11God heeft mij aangesteld als apostel en leraar om zijn boodschap te verkondigen. 12Daarom zit ik hier in de gevangenis en ik schaam mij er beslist niet voor, want ik weet op wie ik vertrouw. Ik ben er zeker van dat Hij alles wat Hij mij heeft toevertrouwd, veilig zal bewaren tot de dag waarop Hij terugkomt. 13Houd vast aan de waarheden die ik je geleerd heb, de waarheden over het geloof en de liefde die Christus Jezus geeft. 14Waak over de schat die de Heilige Geest die in ons woont, ons heeft gegeven.

15Je weet dat alle christenen die vanuit Asia hier zijn gekomen, mij in de steek hebben gelaten, zelfs Fygelus en Hermogenes. 16Ik vraag de Here of Hij Onesiforus en zijn gezin wil zegenen, omdat die mij vaak heeft bezocht om mij moed in te spreken. Zijn bezoeken waren voor mij een verfrissing, hij schaamde zich er niet voor met een gevangene bevriend te zijn. 17Integendeel: toen hij in Rome aankwam, heeft hij overal naar mij gezocht en mij ten slotte gevonden. 18Ik bid dat de Here hem een bijzondere zegen geeft op de grote dag waarop Christus terugkeert.

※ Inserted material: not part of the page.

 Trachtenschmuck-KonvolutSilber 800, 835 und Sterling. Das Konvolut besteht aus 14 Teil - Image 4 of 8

En jij, Timotheüs, weet maar al te goed hoe hij mij in Efeze heeft geholpen.

New International Reader’s Version

2 Timothy 1:1-18

1I, Paul, am writing this letter. I am an apostle of Christ Jesus just as God planned. He sent me to tell about the promise of life found in Christ Jesus.

2Timothy, I am sending you this letter. You are my dear son.

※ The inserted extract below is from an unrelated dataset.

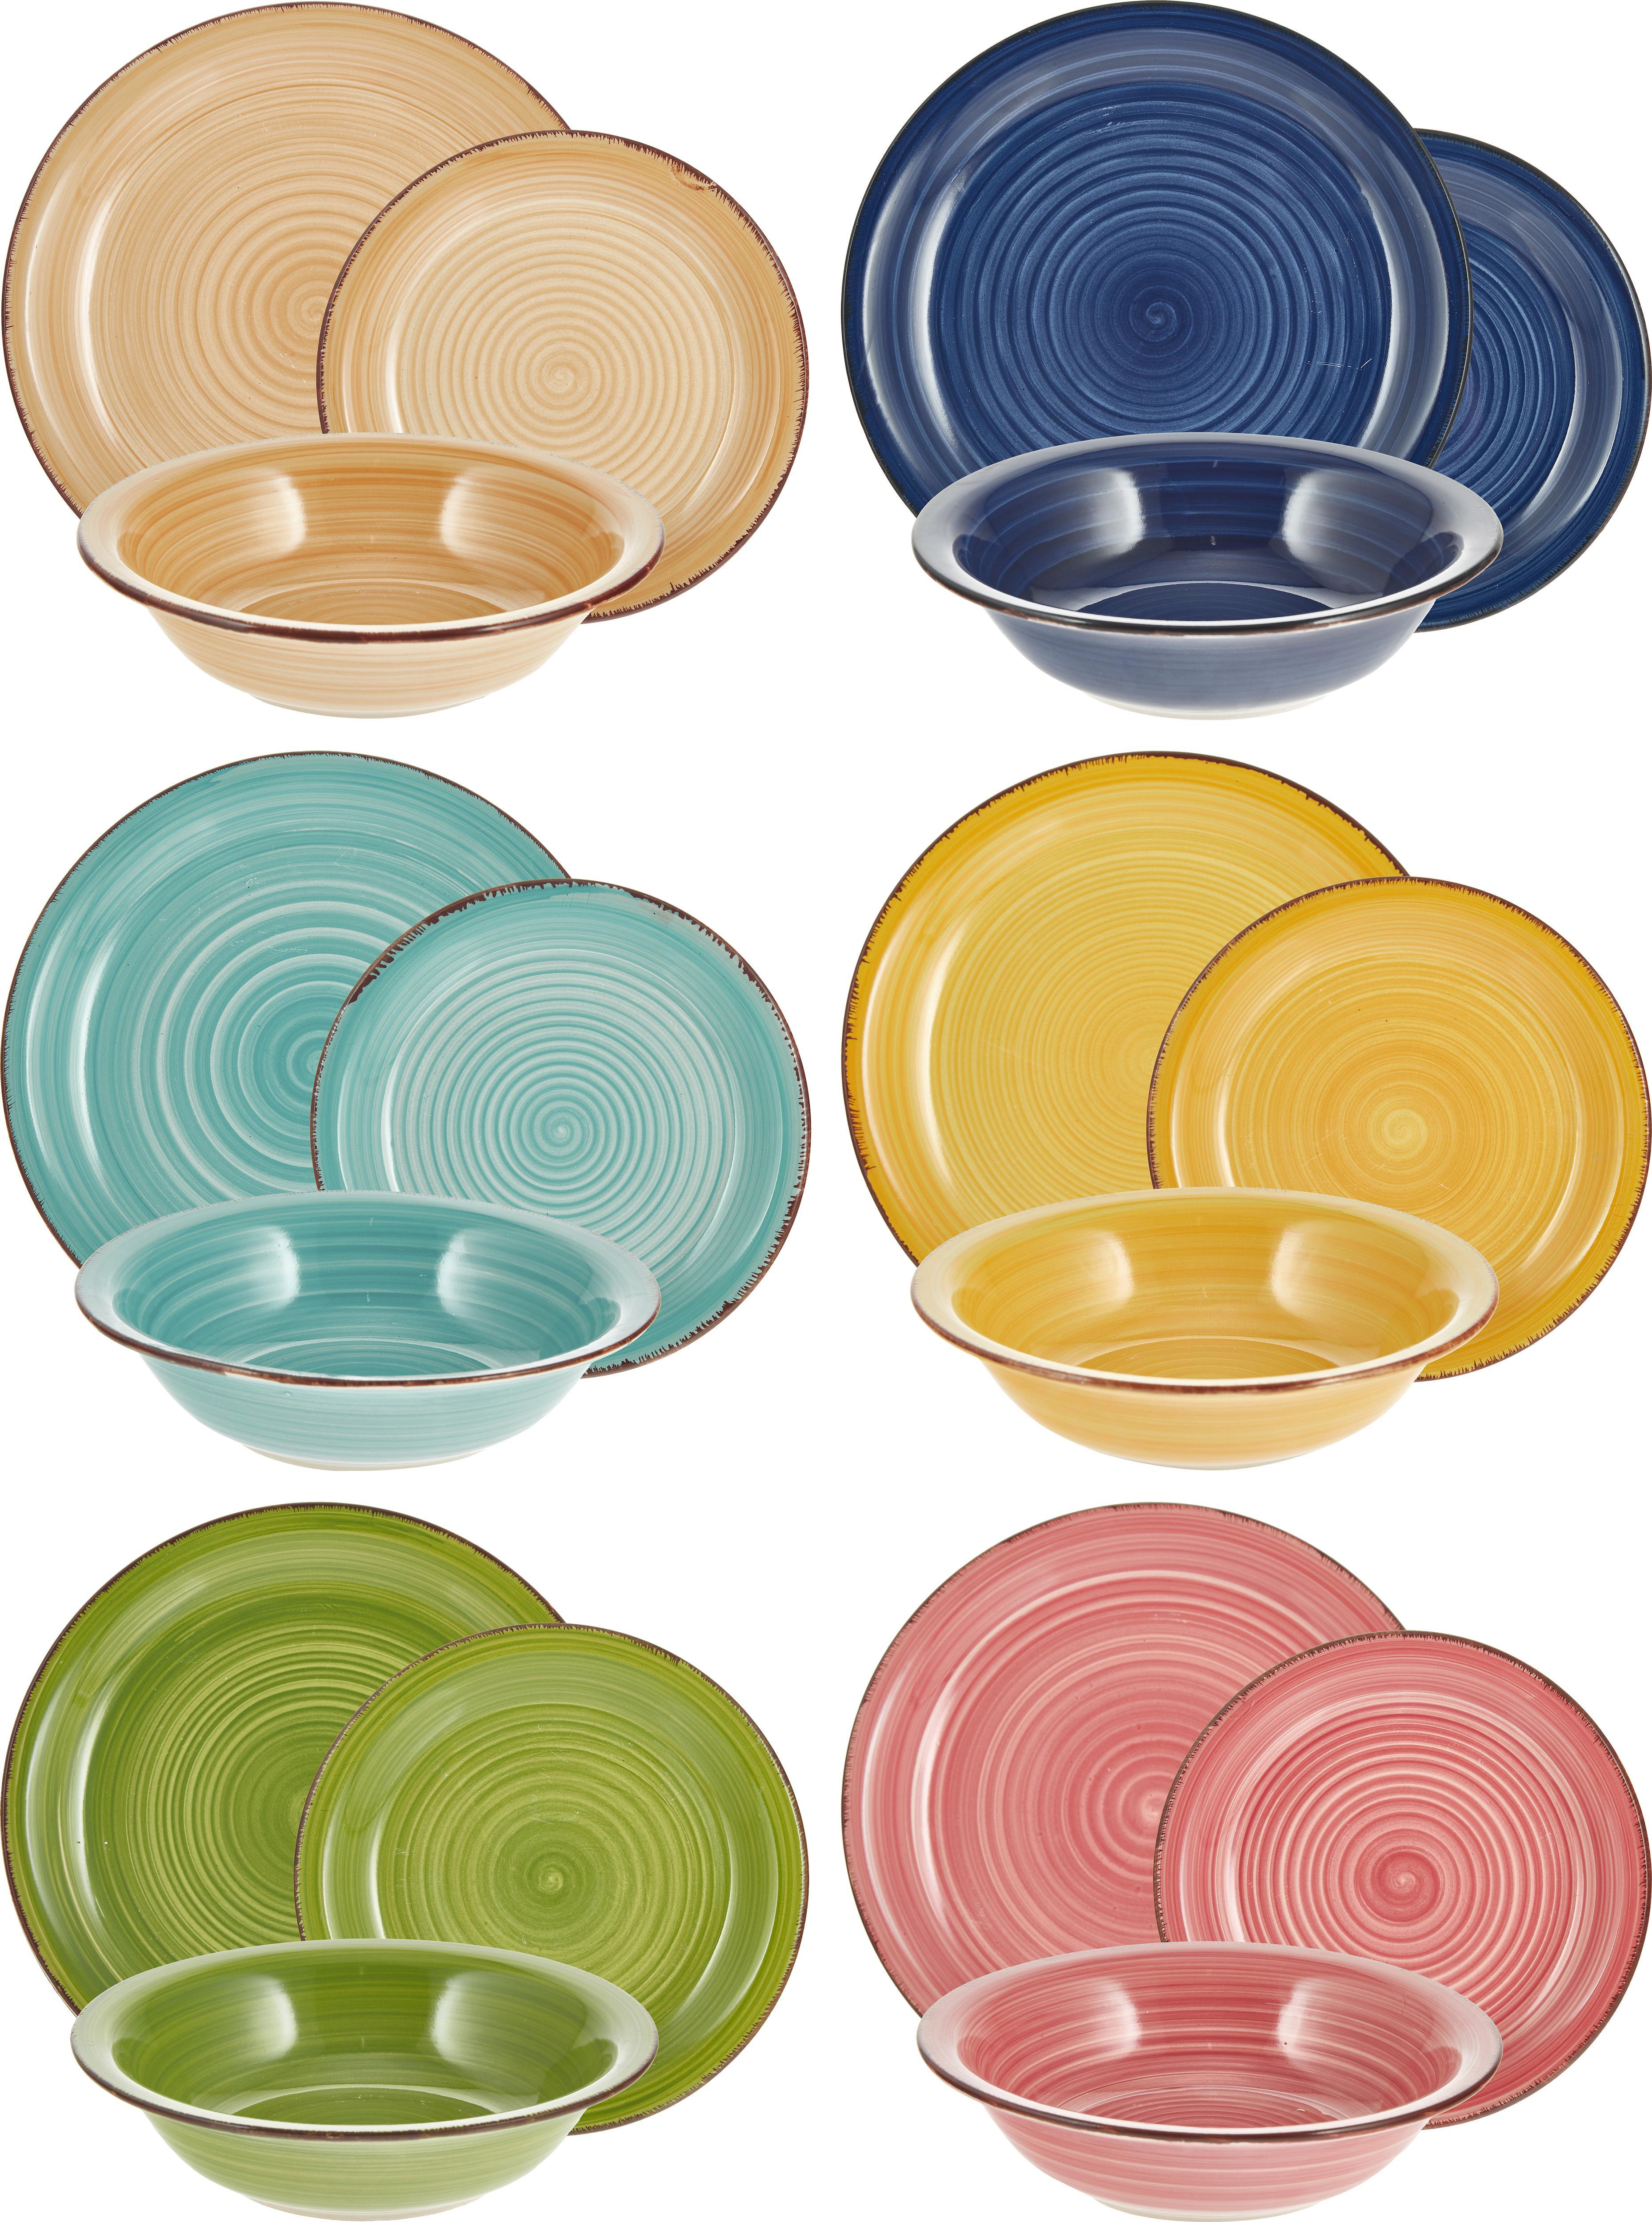 Serviesset Baita, 6 personen (18-delig), Handbeschilderde keramiek (hard dolomiet), Donkerblauw, rood, groen, turquoise, geel, lichtoranje, Verschillende formaten

May God the Father and Christ Jesus our Lord give you grace, mercy and peace.

Paul Gives Thanks

3I thank God, whom I serve as did our people of long ago. I serve God, knowing that what I have done is right. Night and day I thank God for you. Night and day I always remember you in my prayers. 4I remember your tears. I long to see you so that I can be filled with joy. 5I remember your honest and true faith. It was alive first in your grandmother Lois and in your mother Eunice. And I am certain that it is now alive in you also.

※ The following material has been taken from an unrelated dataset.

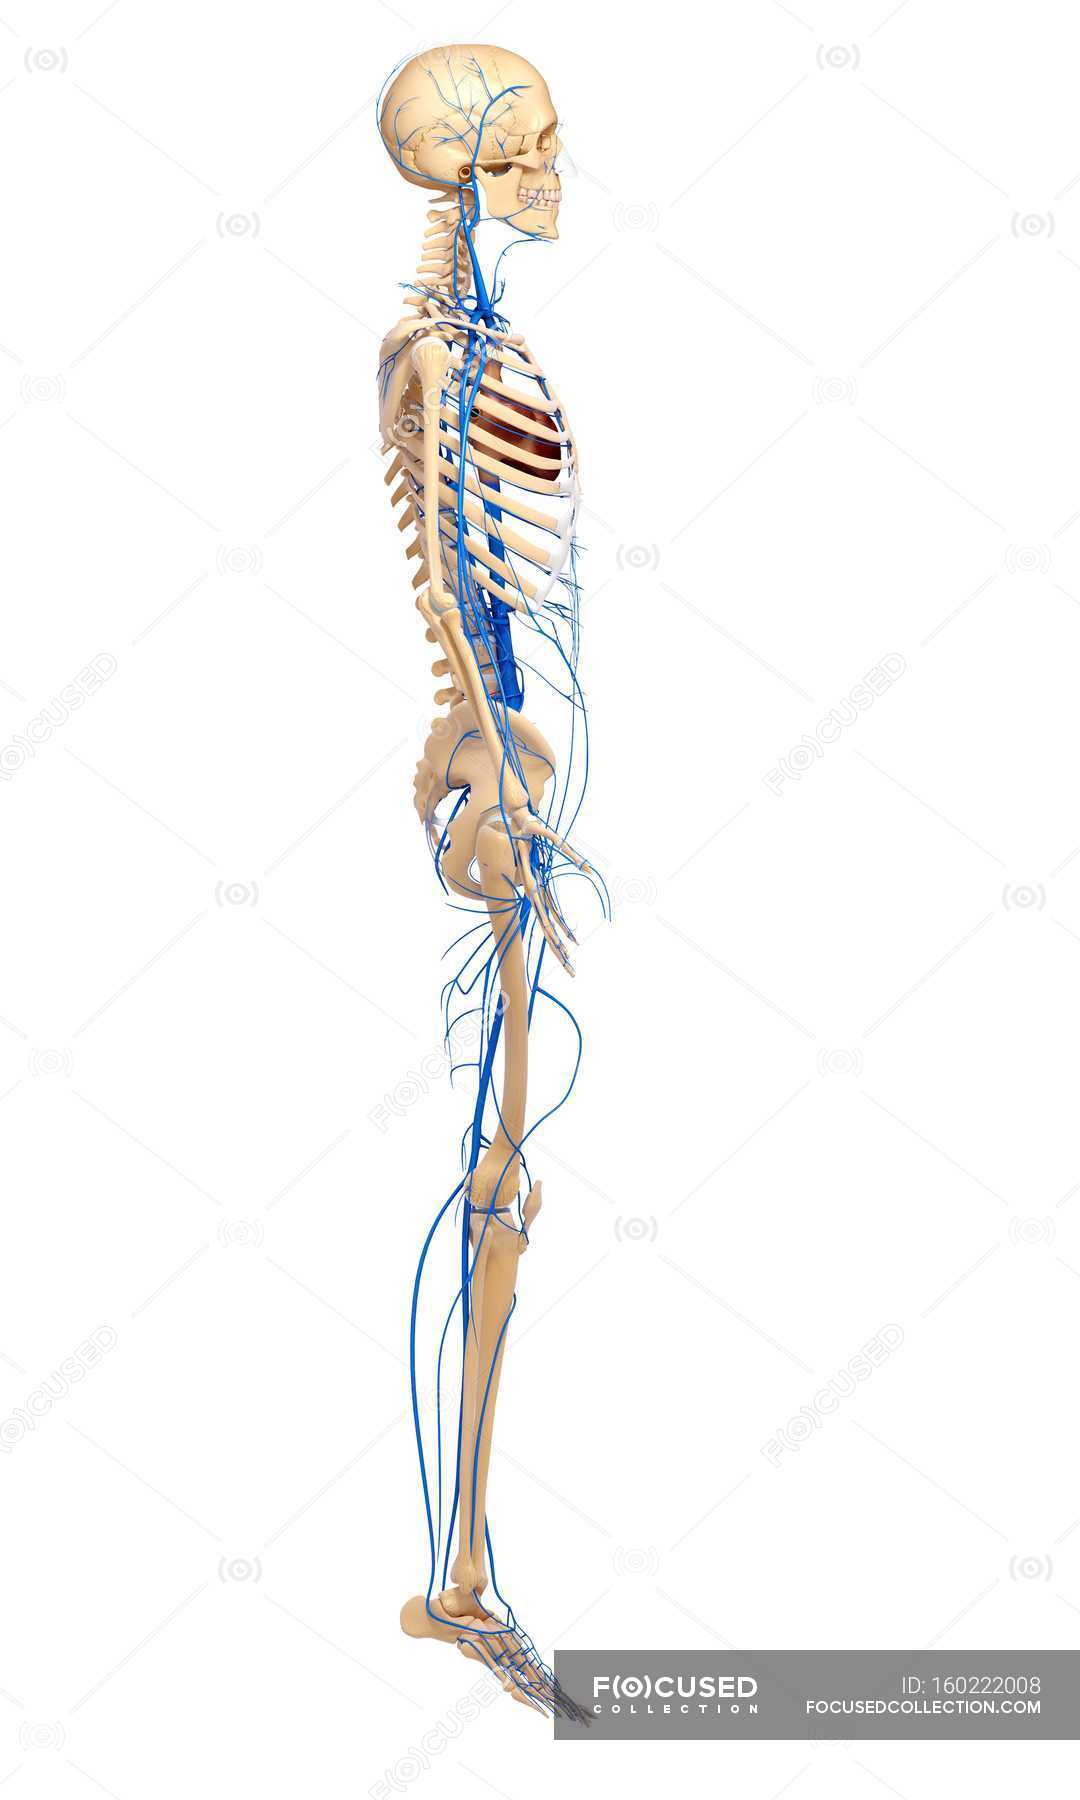 Erfreut Herz Kreislauf Organe Bilder - Anatomie Ideen - finotti.info

Paul Encourages Timothy to Be Faithful

6This is why I remind you to help God’s gift grow, just as a small spark grows into a fire. God put his gift in you when I placed my hands on you. 7God gave us his Spirit. And the Spirit doesn’t make us weak and fearful. Instead, the Spirit gives us power and love. He helps us control ourselves. 8So don’t be ashamed of the message about our Lord. And don’t be ashamed of me, his prisoner. Instead, join with me as I suffer for the good news. God’s power will help us do that. 9God has saved us. He has chosen us to live a holy life. It wasn’t because of anything we have done. It was because of his own purpose and grace. Through Christ Jesus, God gave us this grace even before time began. 10It has now been made known through the coming of our Savior, Christ Jesus. He has broken the power of death. Because of the good news, he has brought life out into the light. That life never dies. 11I was appointed to announce the good news. I was appointed to be an apostle and a teacher. 12That’s why I’m suffering the way I am. But this gives me no reason to be ashamed. That’s because I know who I have believed in. I am sure he is able to take care of what I have given him. I can trust him with it until the day he returns as judge.

13Follow what you heard from me as the pattern of true teaching. Follow it with faith and love because you belong to Christ Jesus. 14Guard the truth of the good news that you were trusted with. Guard it with the help of the Holy Spirit who lives in us.

Examples of Faithful and Unfaithful People

15You know that all the believers in Asia Minor have deserted me. They include Phygelus and Hermogenes.

16May the Lord show mercy to all who live in the house of Onesiphorus. He often encouraged me. He was not ashamed that I was being held by chains. 17In fact, it was just the opposite. When he was in Rome, he looked everywhere for me. At last he found me. 18May Onesiphorus find mercy from the Lord on the day Jesus returns as judge! You know very well how many ways Onesiphorus helped me in Ephesus.